Katie Hensien

Personal information
- Born: December 1, 1999 (age 26) Redmond, Washington
- Height: 5 ft 4 in (163 cm)

Skiing career
- Sport: Alpine skiing ♀
- Club: Rowmark Ski Academy
- Disciplines: Slalom, Giant slalom
- World Cup debut: November 26, 2017

Olympics
- Teams: 1 – (2022)

World Championships
- Teams: 3 – (2021, 2023, 2025)
- Medals: 1 (1 gold)

World Cup
- Seasons: 9 – (2018–2023, 2025–2026)

Medal record
Women's alpine skiing
Representing the United States
World Championships
| Gold medal – first place | 2023 Méribel | Team event |

= Katie Hensien =

American alpine skier (born 1999)

Katie Hensien (born December 1, 1999) is an American alpine ski racer specializing in giant slalom, super-G, and downhill.

== Biography ==
Hensien is from Redmond, Washington, and grew up skiing at Crystal Mountain. In 2014, her family moved to Park City, Utah so that she could pursue skiing at Rowland Hall.

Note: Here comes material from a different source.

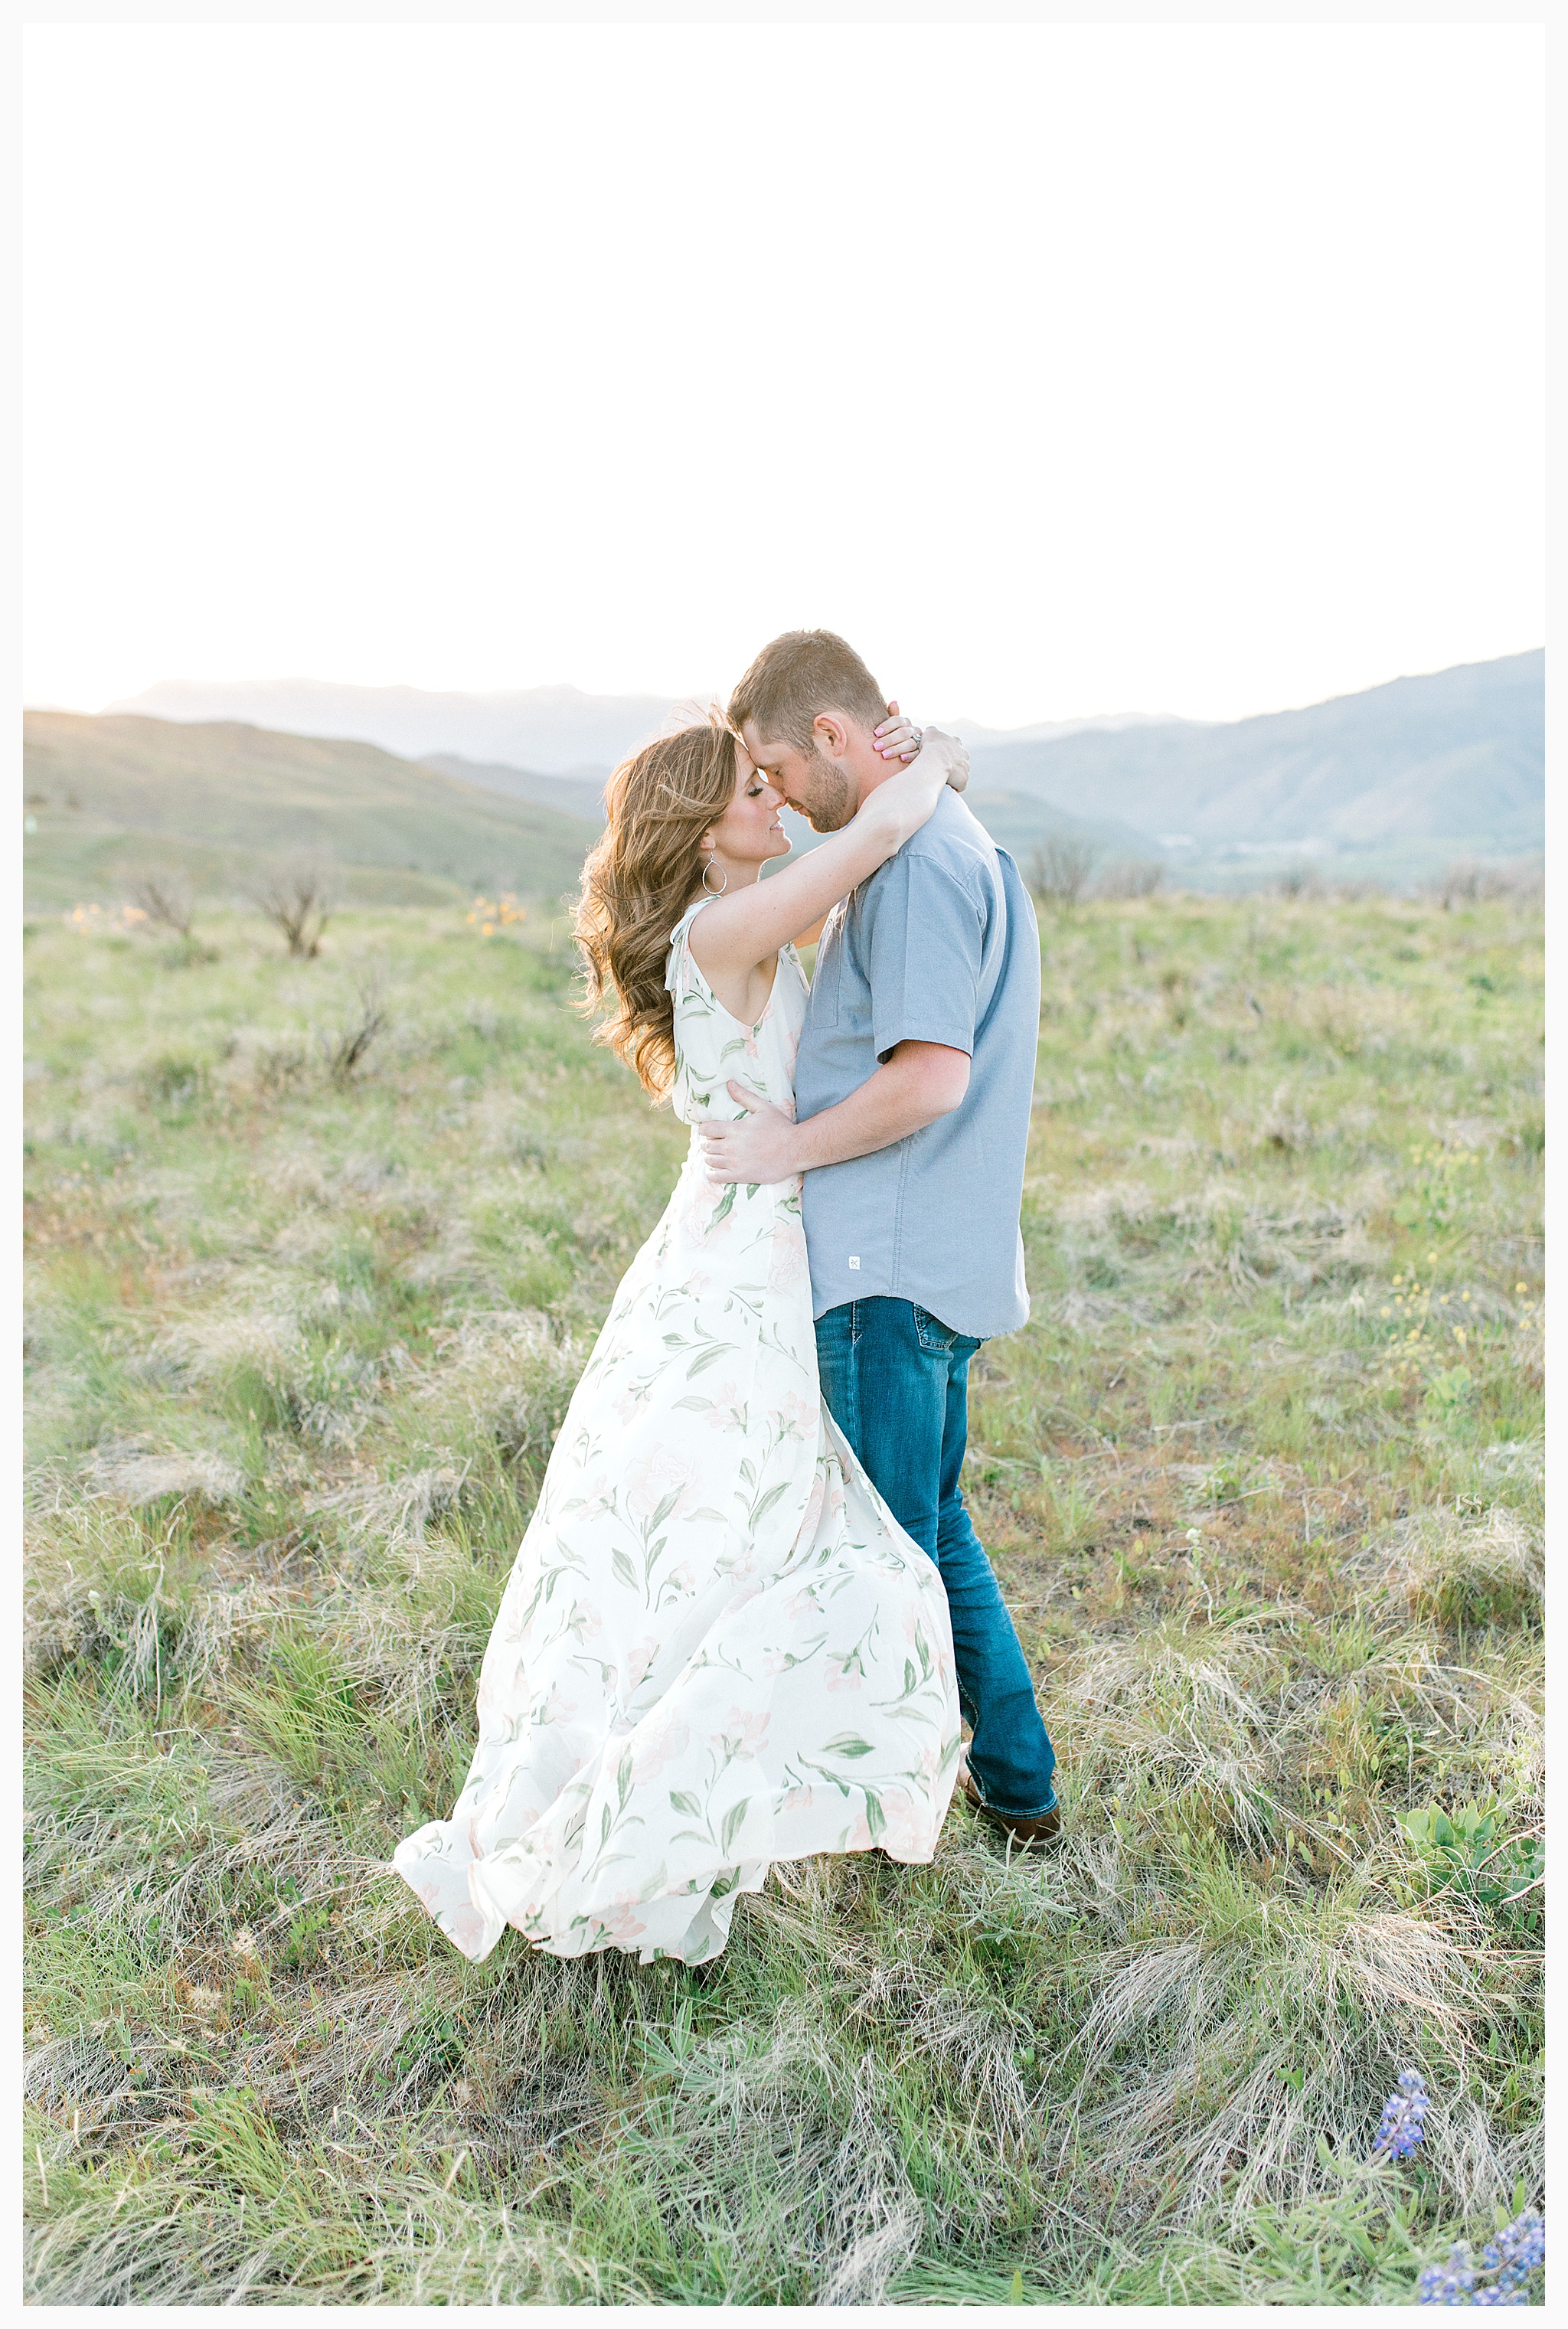 Engagement session amongst the wildflowers in Wenatchee, Washington | Engagement Session Outfit Inspiration for Wedding Photography with Emma Rose Company | Light and Airy PNW Photographer, Seattle Bride_0025.jpg

Hensien attended the University of Denver, where she was a member of the Denver Pioneers ski team. In 2022, she was named the National Women's Alpine Skier of the Year by the United State Collegiate Ski Coaches Association.

Hensien has raced with the United States Ski Team at the FIS Alpine World Ski Championships since 2021. At the 2023 World Championships in Courchevel and Méribel, she won gold as a member of the mixed parallel team.

At the 2022 Winter Olympics, Hensien finished twenty sixth in the slalom.

Hensien qualified for the 2026 Winter Olympics. However, in November, 2025, she suffered a fractured tibia while training in Levi, Finland which caused her to withdraw from the competition.